A senhora, certamente, tem viajado muito - disse a Sra. Musgrove à Sra. Croft.

Bastante, nos quinze anos que estou casada, embora muitas mulheres tenham viajado mais. Atravessei o Atlântico quatro vezes e fui e vim uma vez às Índias Orientais; e apenas uma vez, além de ter estado em vários portos próximos da Inglaterra... Cork, Lisboa e Gibraltar. Mas nunca fui para além dos estreitos... e nunca estive nas Índias Ocidentais. Nós não chamamos Bermudas nem Bahamas às Índias Ocidentais, sabe?

A Sra. Musgrove não tinha uma só palavra de discordância a dizer, não podia acusar-se a si própria de alguma vez lhes ter chamado o que quer que fosse.

E posso garantir-lhe, minha senhora, que não há acomodações melhores que as dum navio de guerra; estou a referir-me aos maiores, claro. Numa fragata, é óbvio que estamos mais confinados... embora qualquer mulher razoável possa sentir-se perfeitamente feliz numa; e devo dizer que as horas mais felizes da minha vida foram passadas a bordo de um navio. Quando estávamos juntos, sabe?, não temíamos nada. Felizmente, eu sempre gozei de excelente saúde e nunca me senti afetada pelos diferentes climas. Talvez me sentisse um pouco abalada durante as primeiras vinte e quatro horas no mar, mas, depois disso, nunca soube o que era enjoar. A única vez em que realmente sofri, de corpo e alma, a única vez em que me imaginei doente ou pensei no perigo foi durante o Inverno que passei sozinha em Deal, quando o almirante... o comandante Croft... estava no mar do Norte. Eu vivia continuamente cheia de medo e sofria de todos os males imaginários devido ao fato de não ter nada que fazer e de não saber quando voltaria a ter notícias dele; mas, desde que pudéssemos estar juntos, eu não sofria de nada, nem nunca sentia o mínimo desconforto.
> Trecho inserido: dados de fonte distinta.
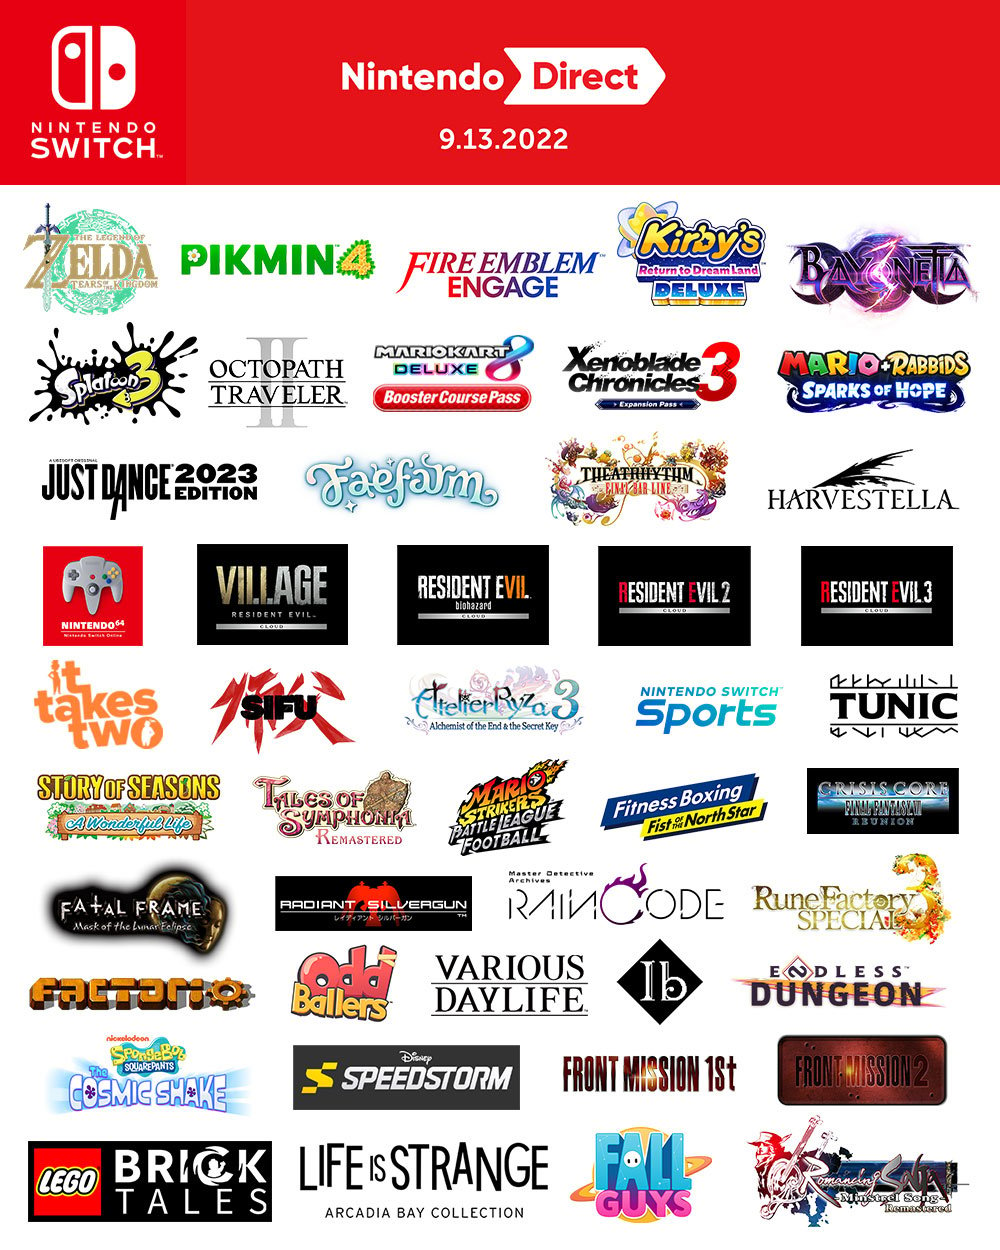 Nintendo infographic shows every game featured in the September Direct

Sim, com certeza. Sim, de fato, oh, sim, estou absolutamente de acordo consigo, Sra. Croft- foi a resposta entusiástica da Sra. Musgrove. - Não há nada tão mau como uma separação. Estou absolutamente de acordo. Eu sei o que isso é, pois o Sr. Musgrove assiste sempre às sessões do Tribunal, e eu fico tão satisfeita quando estas chegam ao fim e ele regressa são e salvo.

O serão terminou com um baile. Quando lhe foi proposto, Anne ofereceu os seus préstimos, como de costume, e, embora os seus olhos se enchessem por vezes de lágrimas enquanto estava ao piano, ficou muito satisfeita por estar ocupada e não desejou mais nada em troca a não ser passar despercebida.
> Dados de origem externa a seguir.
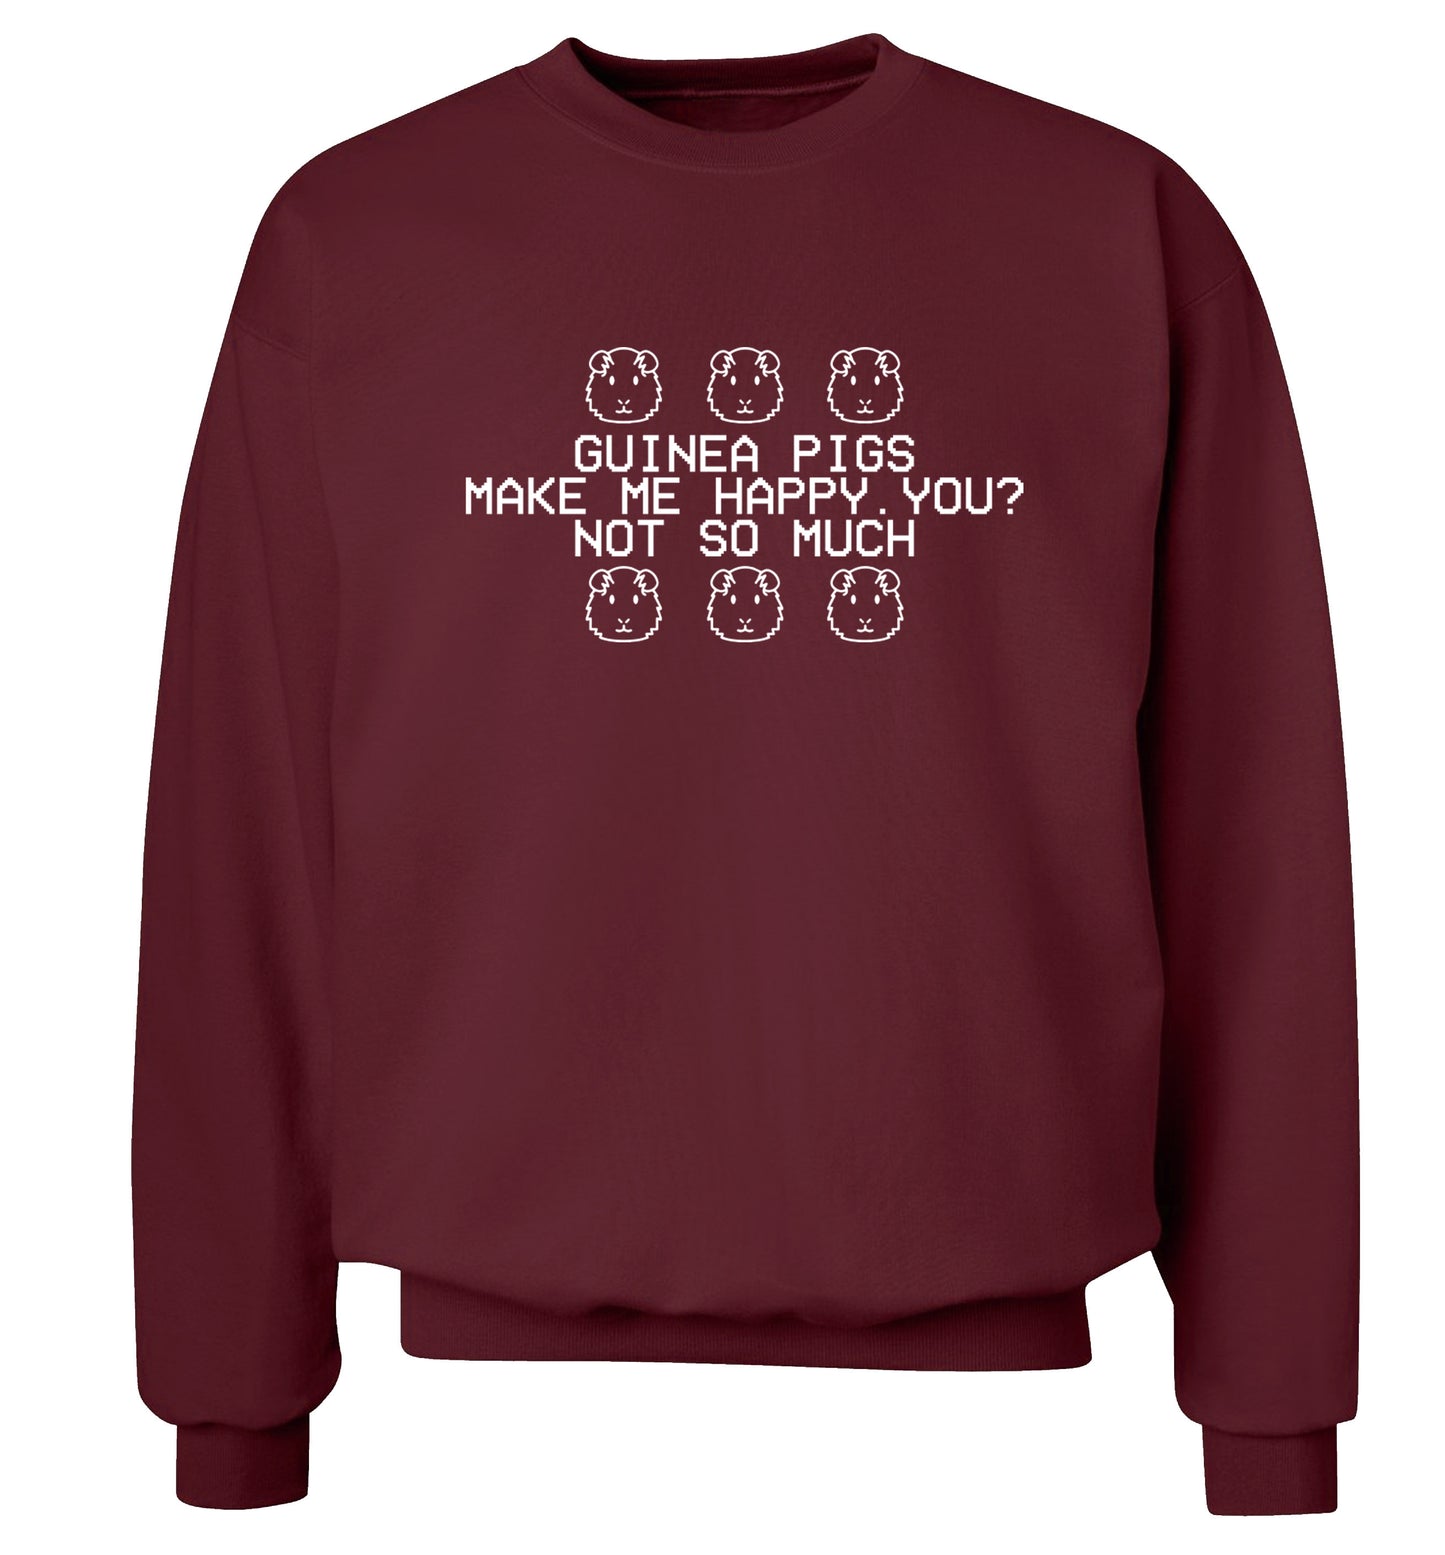 Guinea pigs make me happy, you not so much Adult's unisex maroon  sweater 2XL

Foi uma festa alegre, e ninguém pareceu estar mais bem-disposto que o comandante Wentworth. Ela achou que ele tinha todos os motivos para se sentir satisfeito, nomeadamente a atenção e a deferência gerais e, principalmente, a atenção de todas as jovens. Tinha sido, aparentemente, concedido às Meninas Hayter, as meninas da família de primos já referida, a honra de se apaixonarem por ele; e, quanto a Henrietta e Louisa, estas pareciam estar tão completamente absorvidas por ele que só a permanente aparência de uma perfeita amizade entre elas conseguia fazer crer que não eram rivais declaradas. Quem se admiraria de ele ficar envaidecido com uma tão universal e ansiosa atenção?

Estes eram alguns dos pensamentos que perpassavam pela mente de Anne, enquanto os seus dedos trabalhavam mecânica, inconscientemente, durante meia hora seguida, sem se enganar.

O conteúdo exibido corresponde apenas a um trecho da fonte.